# Activating a new DTV Tivo???



## Cynaburst (Feb 16, 2007)

I was planning to get a new HR 20 to use with my regular def tvs until I upgrade to a HDTV so I can avoid the upgrade expense later. I now find out that it costs an extra $10/month to DTV for high def service when i don't even have a high def tv.

I am considering buying a reconditioned DTivo instead, but want to compare costs. If I do this, how much is it to activate the Tivo with DTV, and will I need any new equipment for the install if right now I just have standard DTV on my regular old tvs?


----------



## litzdog911 (Jun 23, 2004)

No additional equipment required for a DirecTV/Tivo. If you want to use the second tuner, though, you'll need to run another cable from your dish/multiswitch to the Tivo's SAT2 input. But that's optional.


----------



## Cynaburst (Feb 16, 2007)

Do you know what the monthly charge is for the service? Do you pay Tivo or Directv?


----------



## litzdog911 (Jun 23, 2004)

The exact prices changed recently, but it's ~$5/mo for the "DVR Service Fee", but that covers as many DVRs as you have on your account. Then there's another ~$5/mo "mirroring fee" for every additional receiver/DVR on your account. So if you only have one DirecTV/Tivo DVR on your account it's ~$10/mo. And you pay DirecTV. Tivo has nothing to do with servicing DirecTV/Tivo DVRs.


----------



## drx792 (Feb 28, 2007)

If you have premier pack though DVR service is included


----------



## dishrich (Apr 23, 2002)

The DVR fee has been $6 for at least a year+ - it's correct about it being waived on the Premier pak, as well as 1 fee covers ALL DVR's on your account.

D* also has new "choice" pkgs, that have the DVR fee embedded as part of the pkg - check out this link for more info:

http://www.dbstalk.com/showthread.php?t=74354

However, you might find if you are on an existing TC or TC+ pkg, it'll be cheaper to just add the DVR fee & be done with it.

BTW, DO be aware that activating ANY new (new to YOU; it doesn't matter if it's a reconditioned box or NOT) DVR &/or HD equipment on your account will put you onto a new 2 year commitment.


----------



## ApK (Mar 6, 2006)

dishrich said:


> BTW, DO be aware that activating ANY new (new to YOU; it doesn't matter if it's a reconditioned box or NOT) DVR &/or HD equipment on your account will put you onto a new 2 year commitment.


Huh?
Are you sure about that?


----------



## Clemsole (Sep 8, 2005)

Cynaburst said:


> Do you know what the monthly charge is for the service? Do you pay Tivo or Directv?

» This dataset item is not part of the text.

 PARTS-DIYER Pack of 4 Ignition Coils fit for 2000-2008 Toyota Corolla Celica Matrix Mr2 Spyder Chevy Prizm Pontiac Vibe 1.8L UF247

You make payments to DirecTV only. Tivo has no interest in the DVR service DirecTV provides, They are only using the name Tivo on some of the DVR's.


----------



## dishrich (Apr 23, 2002)

ApK said:


> Huh?
> Are you sure about that?


Uh, do a search on this & you'll find umpteen threads stating this...  
Anytime you activate a new card on an account, will cause this to happen.
1 year if it's a basic receiver on a new card, 2 years on other receivers as I stated.


----------



## Lord Vader (Sep 20, 2004)

Not necessarily, dish, trust me.


----------



## Bonanzaair (Jan 24, 2007)

Clemsole said:


> Tivo has no interest in the DVR service DirecTV provides, They are only using the name Tivo on some of the DVR's.

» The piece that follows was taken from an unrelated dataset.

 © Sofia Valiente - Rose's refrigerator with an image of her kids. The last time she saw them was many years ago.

Yes...only the Tivo name and the award winning Tivo Interface inside.

Bonanza


----------



## ApK (Mar 6, 2006)

dishrich said:


> Uh, do a search on this & you'll find umpteen threads stating this...
> Anytime you activate a new card on an account, will cause this to happen.
> 1 year if it's a basic receiver on a new card, 2 years on other receivers as I stated.


Uh...usefull as it is, threads on this forum do not constitute official DTV policy.

Nonetheless, I wrote and asked and in this case it's true (though there are exceptions and ways around it).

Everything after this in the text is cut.